I HAVE always loved trains. From the age of five, I was taken into Leeds Central or Leeds City to catch the steam train to Scarborough or Morecambe. On a good day, you didn’t even have to go all the way into town, for the train stopped at Armley Junction, just around the corner from our house.

This was before 1963, the year of Lord Beeching’s Report which implemented the near destruction of the local rail service in Britain. Beeching was so much the industrial vandal that, towards the end of his life, he was asked by a journalist if he had any regrets.

He replied: “Yes, I wish I had been able to close the east coast line to Edinburgh.”

But years before that vandalism I was taken regularly, with my bucket and spade, by mum and dad or grandparents by rail to the seaside.

It was chuff-chuff heaven to me: that magic moment when the train would slide smoothly and silently forward, before that first chuff and first cloud of white steam, and then it would be rattling through the Yorkshire fields, as it might be past Tadcaster, York and Malton to Scarborough or via Skipton and Settle to Morecambe Bay.

I would have with me a book, or copies of The Dandy and The Beano, but I rarely looked into them, preferring to gaze out in wonder as the fields rushed by.

When you spent your days in an industrial slum, the panorama of greenery was almost as exciting as the seaside itself.

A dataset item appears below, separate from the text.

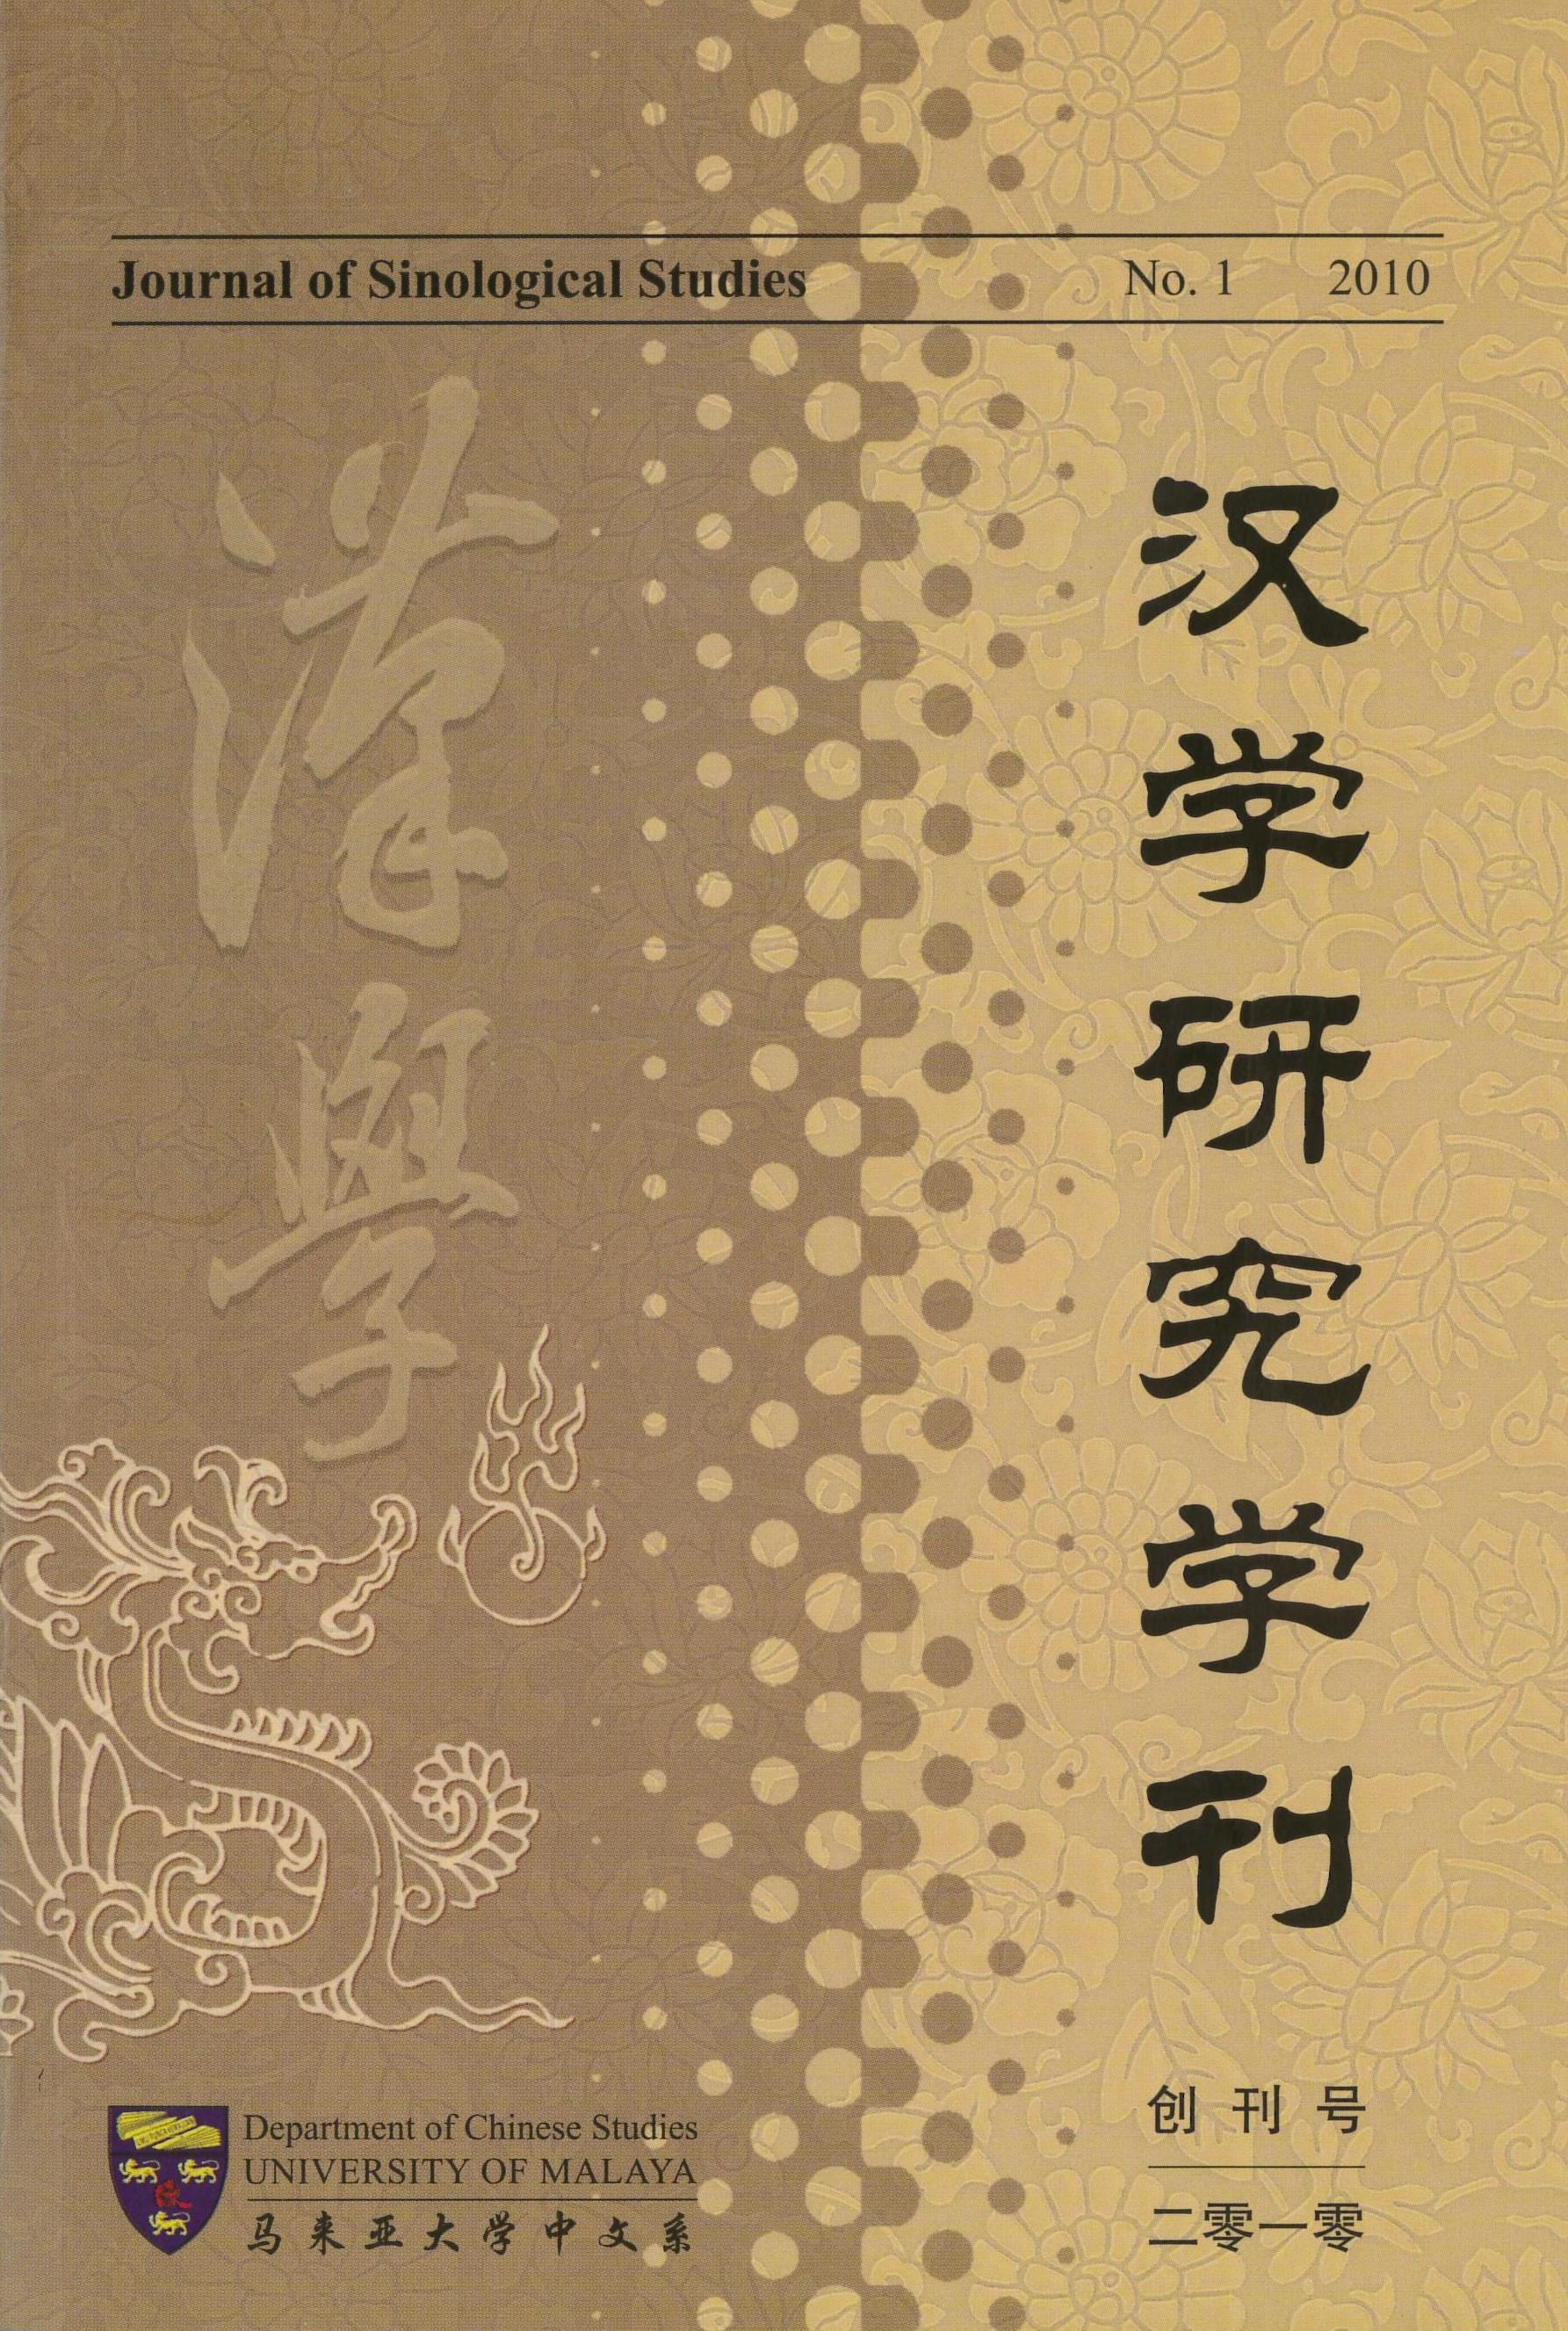 View Vol. 1 No. 1 (2010): Journal of Sinological Studies 漢學研究學刊

I don’t think it’s only the nostalgia of age that persuades me there was innocence in those days.

For example, granddad and grandma once took me to Scarborough when it was the week of the cricket festival. One morning they left me at the ground with a shilling and instructions to mind my Ps and Qs and to meet them under the clock at 6pm. Just as they were giving me my orders for the day, a well-dressed man appeared and said: “I’m a member here. I’ll take the lad in with me.”

Wow — they’d have him for a paedophile these days. But not in 1955. He took me in to the best seats and fed me pies and dandelion and burdock all day long. Yorkshire versus Notts and Fred Trueman did the hat-trick.

But I hate the trains these days. The constant announcements, often in a voice which is both hideously loud and indecipherable.

The nannying injunction to “remember to take all your personal belongings with you”.

Worst of all, the sight and sound of all your fellow passengers — or “customers” as we are now obliged to call ourselves — peering at their electronic gadgets, uttering continuous banalities into their portable phones and otherwise living out their private lives in public.

I’m sure it’s sexist of me to suggest that it’s the smart women in their twenties and thirties who are the most adept at talking relentlessly without saying anything: “So I was, like, on my way to the shops and, like, I bumped into Gemma and I went, like, ‘O my God!’ So she was, like, ‘Where have you been all this time?’ So I was, like, telling her I’d been living in Cleckheaton since the New Year with Toby.”

I think there must be syntactical rules governing this ubiquitous form of inanity, like every sentence must contain more than seven utterances of “like” and at least one “O my God!”

Whatever happened to looking out over the fields or reading The Dandy?